*Required work*
Please transcribe the listing below in full and word for word, without its pictures.

*Stored data*
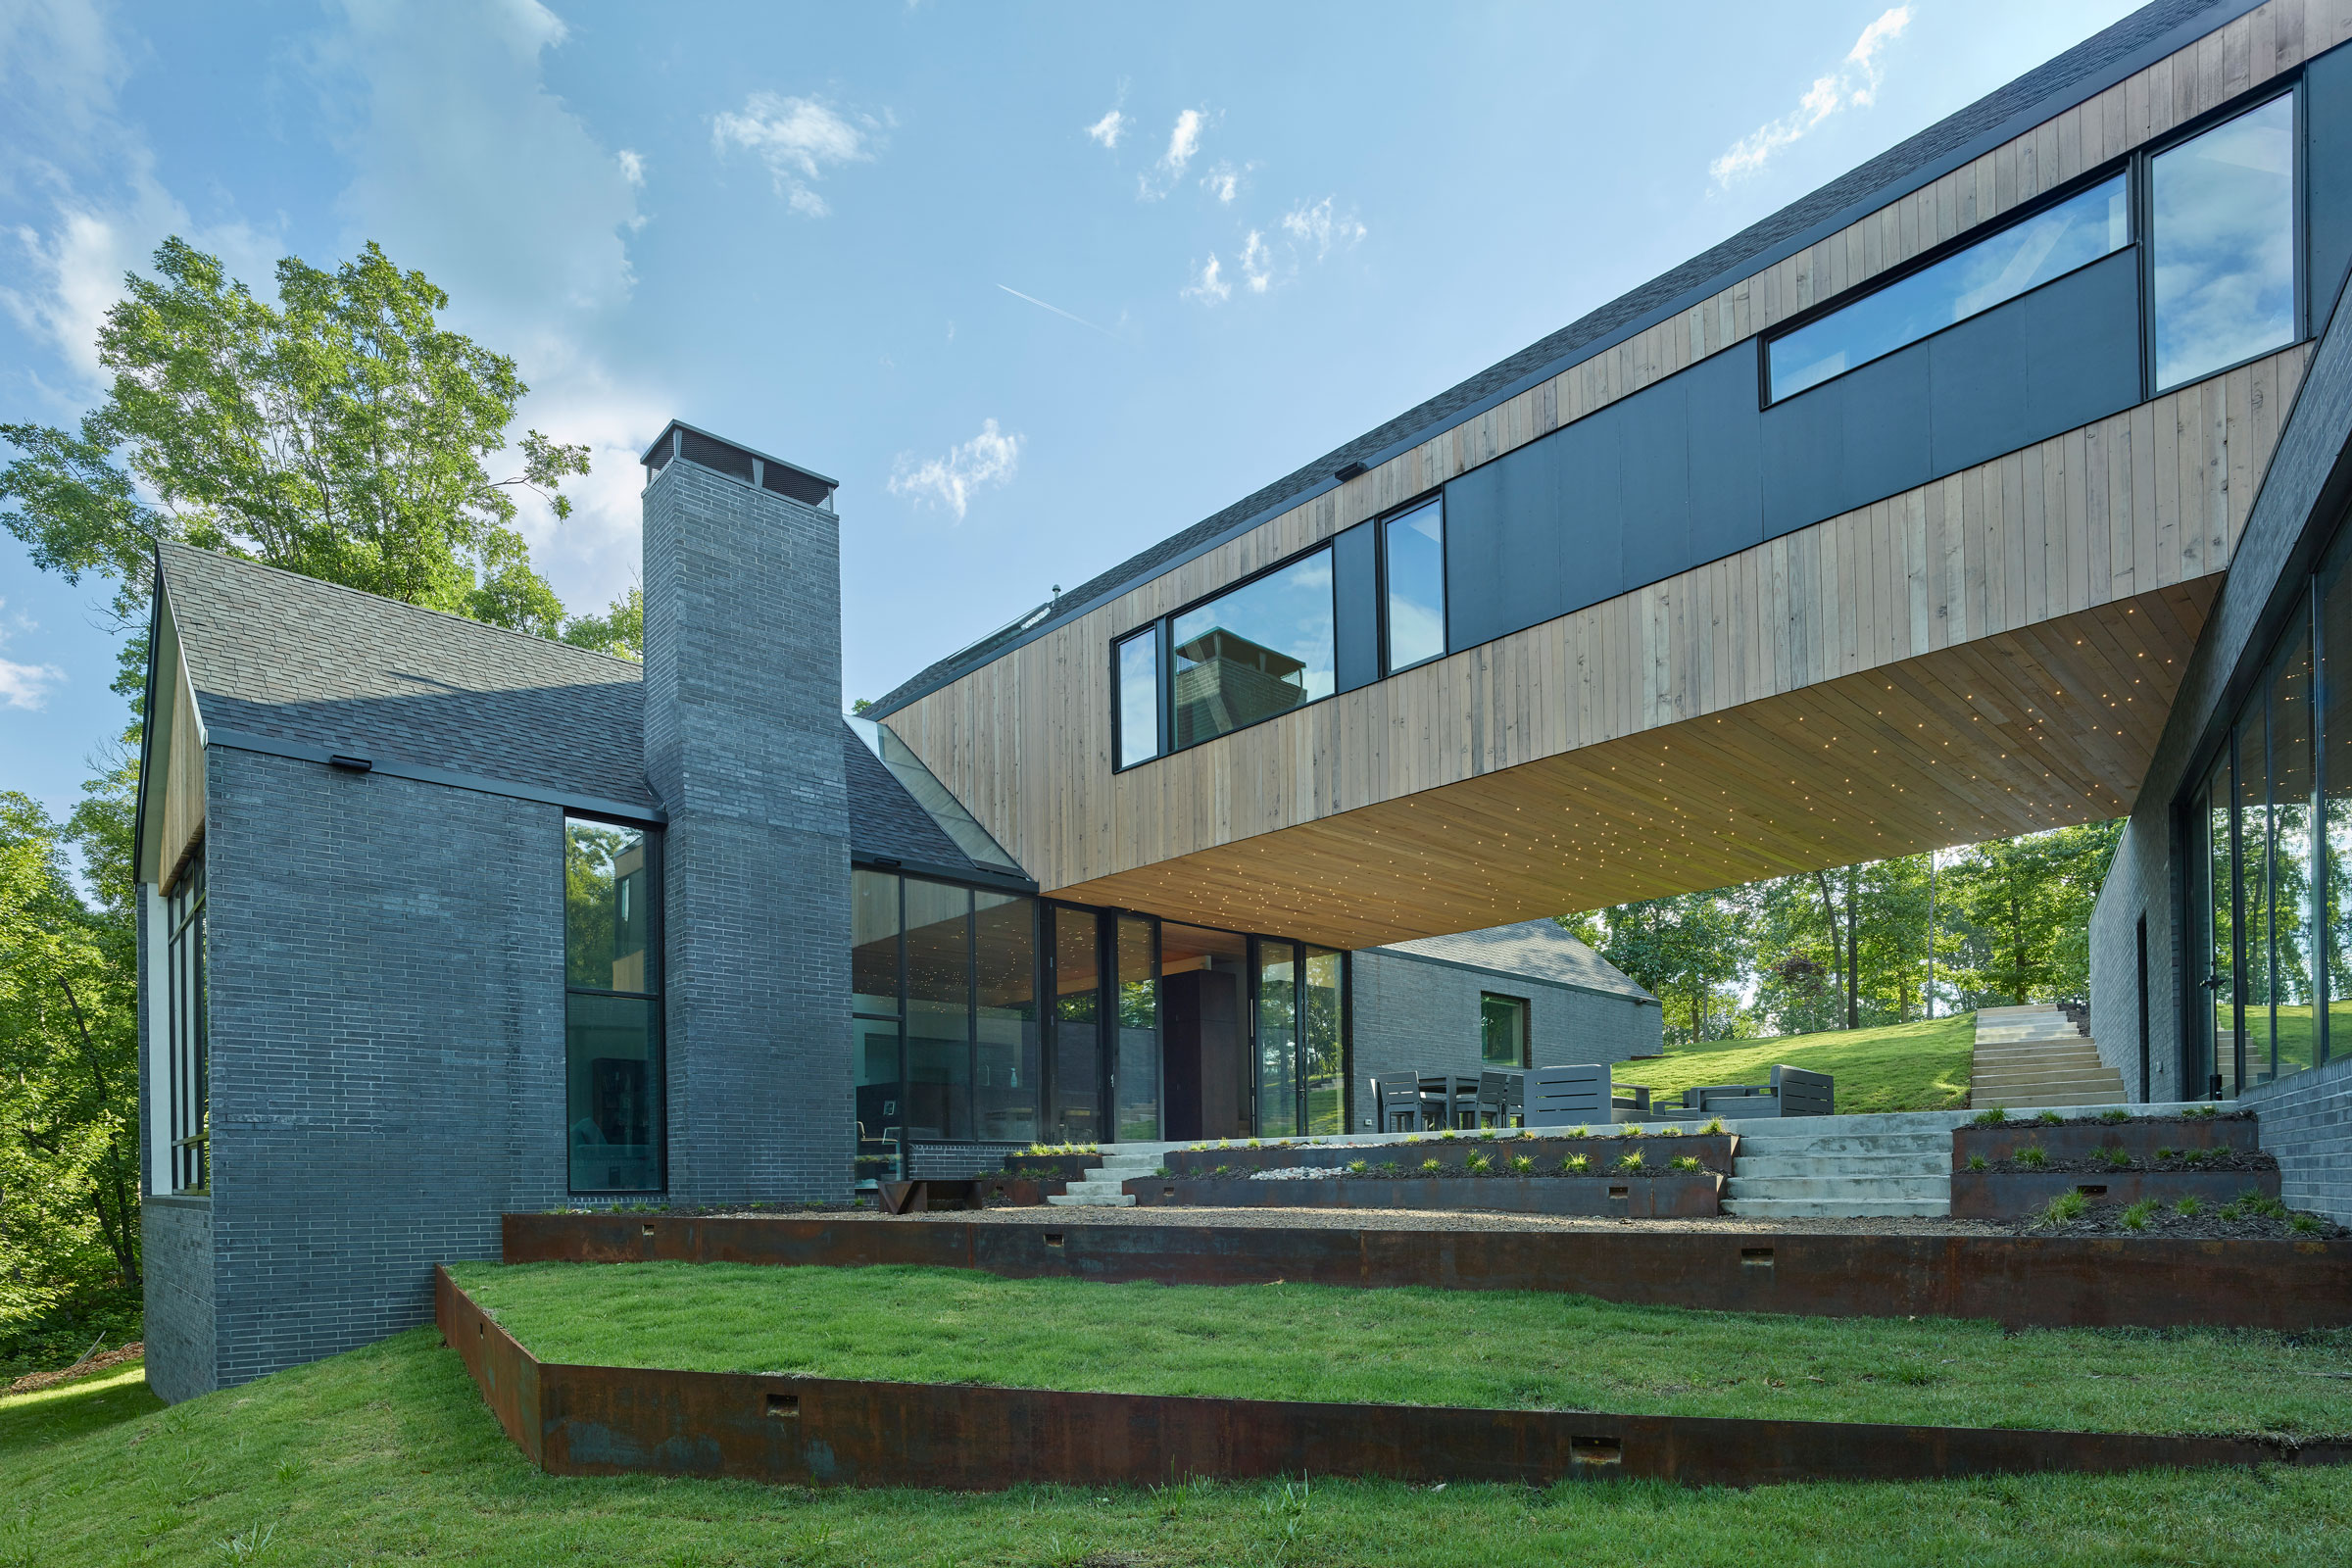 sustainable home design using brick photo by tim hursley
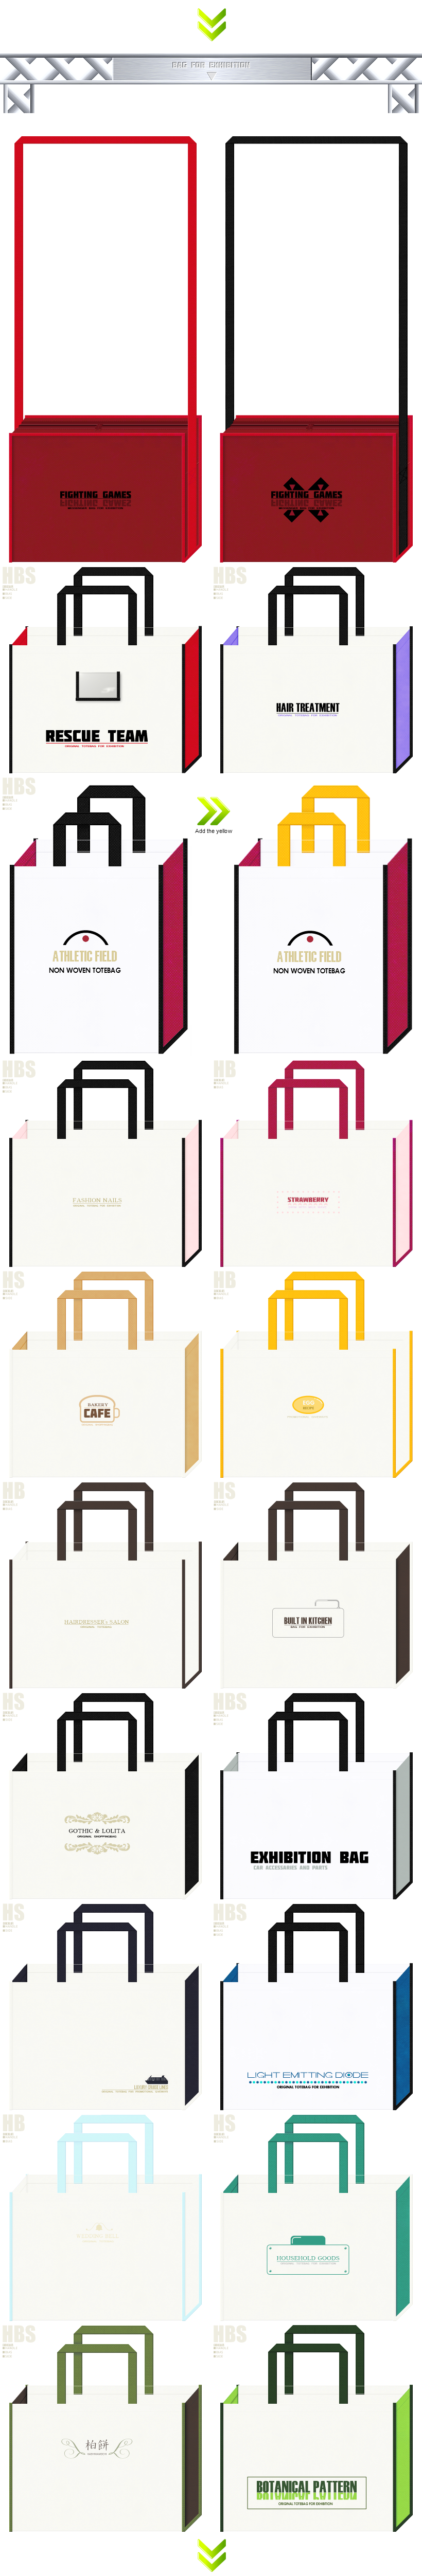 展示会用バッグのオリジナル制作-様々な不織布カラーの組み合わせパターンが可能です。
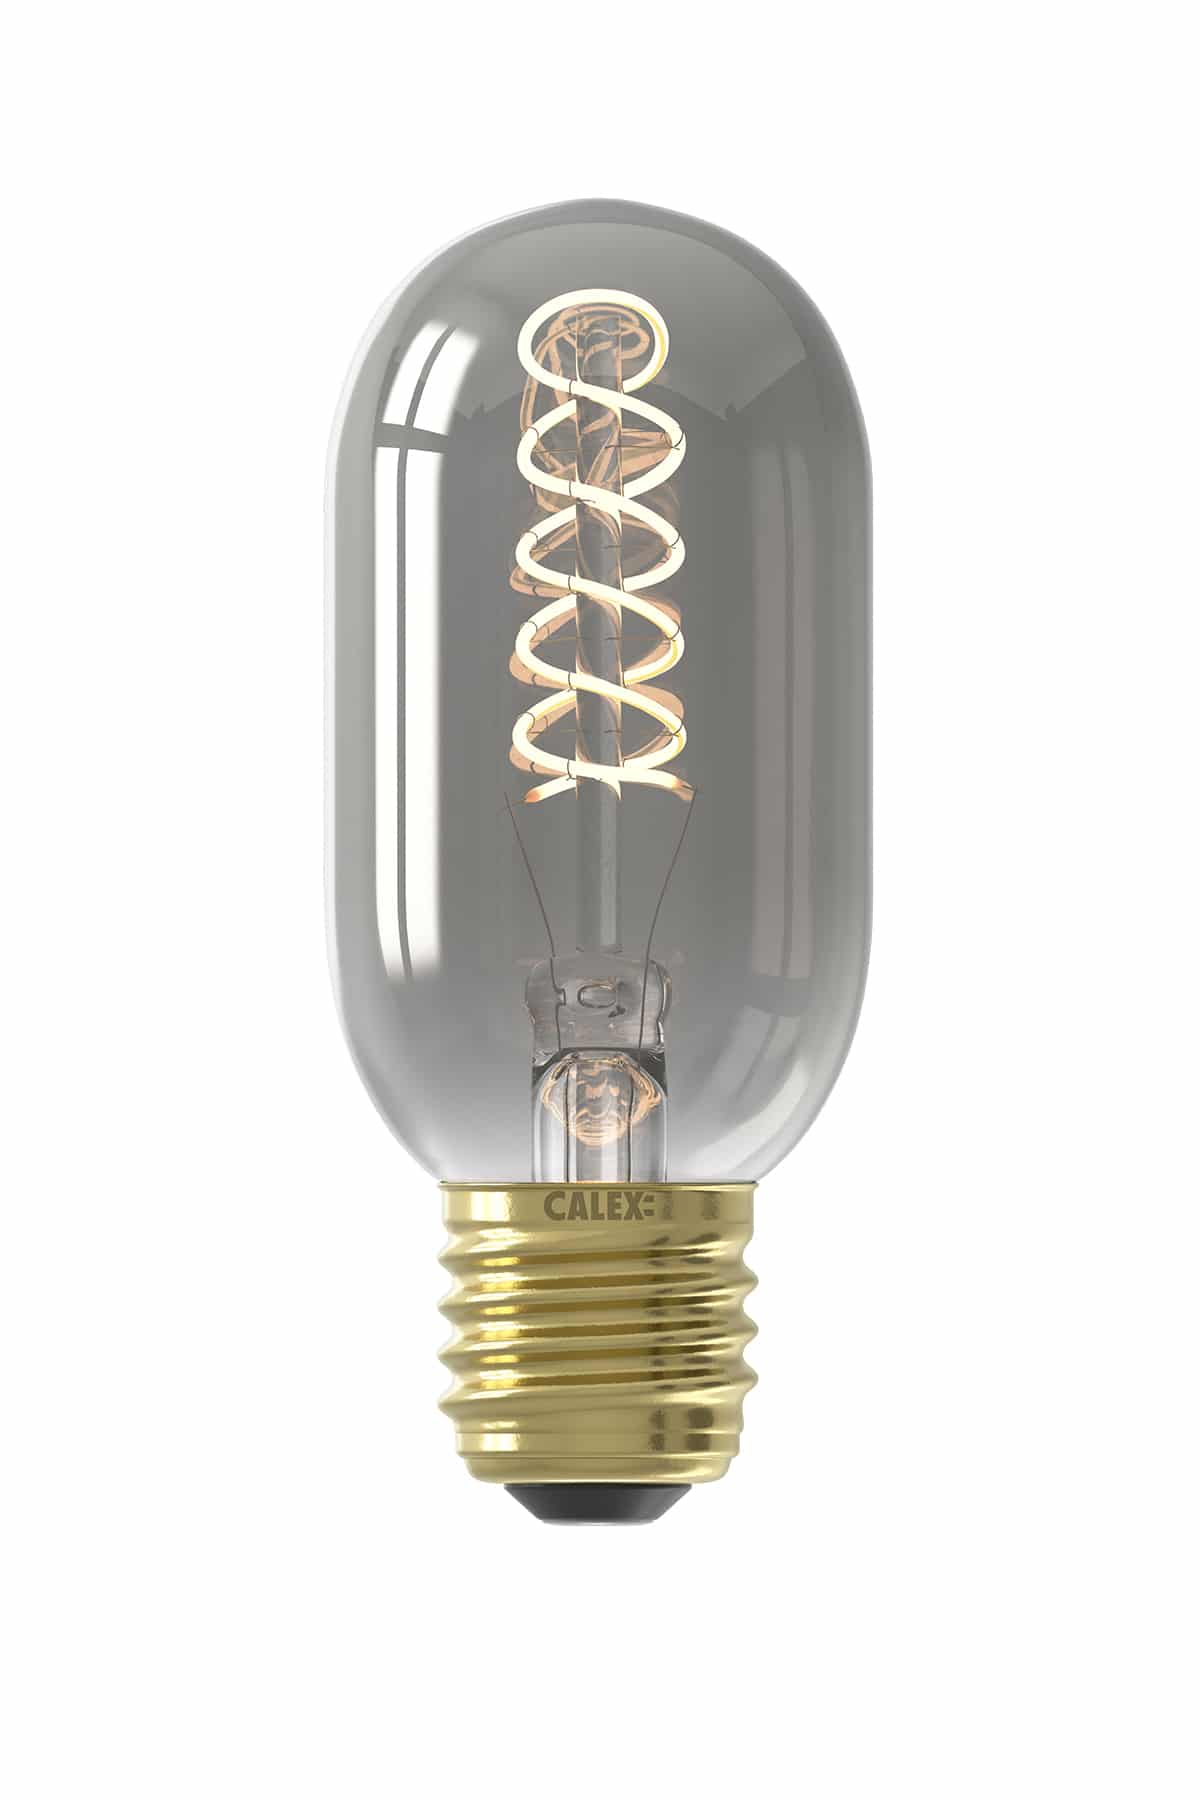 Calex Titanium Tubular Led Lamp E27 8211 100 Lumen

*Task result*
 sustainable home design using brick photo by tim hursley
 展示会用バッグのオリジナル制作-様々な不織布カラーの組み合わせパターンが可能です。
 Calex Titanium Tubular Led Lamp E27 8211 100 Lumen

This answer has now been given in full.